Great Reads This Week {Friday Five} +1

child examines the gap where she lost her first tooth1) Amy Turn Sharp's essay Teeth Never Die nibbled it's way into my head and required re-reading after Lil lost her first tooth this week. Amy's is no parenting prattle but a trip down a twisted memory lane. 2) In Op Ed: The Raw and the Deep-Fried, Bear of Slow Food Columbus elevates a New York Times op-ed about TV stars Tony Bourdain and Paula Dean to a call to action around the truth of the state of American cooking: we want to believe in the characters Bourdain and Dean portray but we do not want to cook well and cheaply.

3) Michael Procopio of Food for the Thoughtless connects vampires, self-image, and chicken with humor and a great recipe in his post Die, Vampire, Die.

4) I read the New York Times article Do You Suffer From Decision Fatigue? on Sunday morning and have not stopped thinking about it since. The women in my family (Lil and myself included!) are prone to indecision and this article clues me in to why and how to live with it. Fascinating stuff.

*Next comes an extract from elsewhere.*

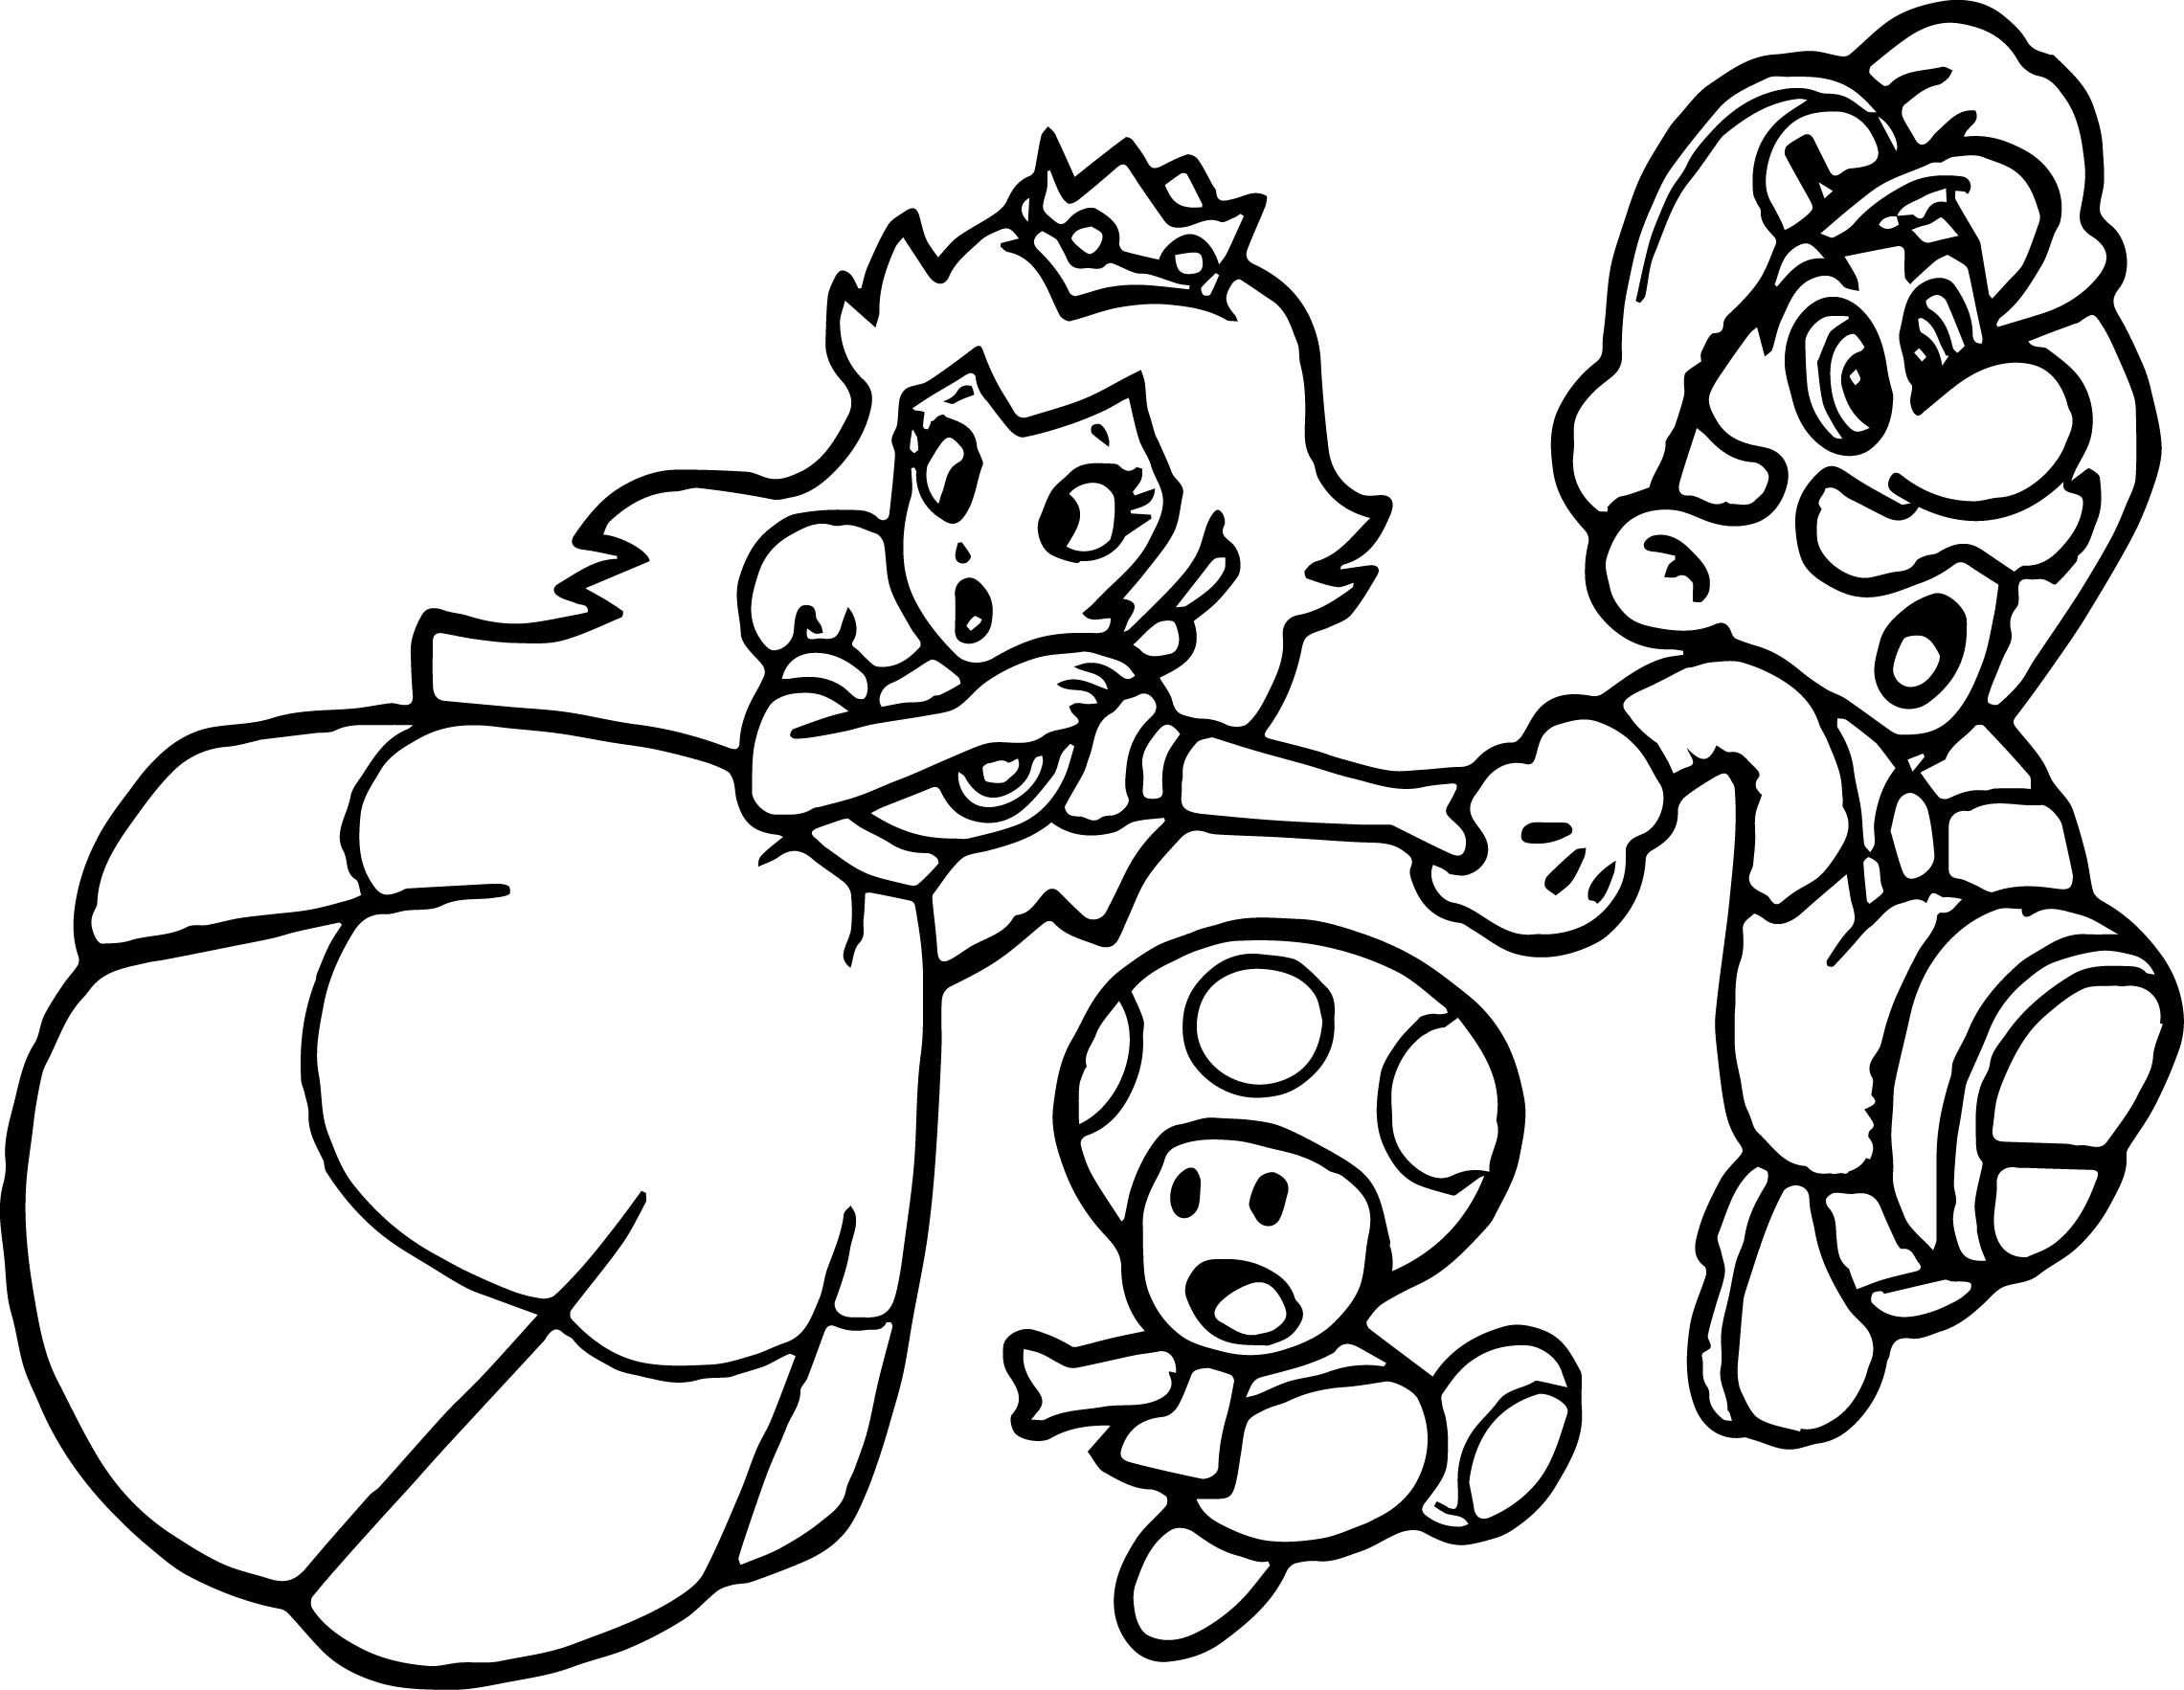 Super Mario Princess Mushroom Coloring Page With Images Super

5) Bloggers Without Borders launched this week with A Fund for Jennie, to benefit the Perillo family after the tragic death of Mike (who loved peanut butter pie). Bloggers Without Borders is a nonprofit agency that gives legitimacy and support to fund raisers and networking among bloggers in need.

BONUS 6) First Food is Real Food Justice popped into my reader just before the Friday Five roundout was scheduled to run. Civil Eats gets it right again with this post about how newborns in food deserts also lack in breastfeeding rates.

What great words did you read this week?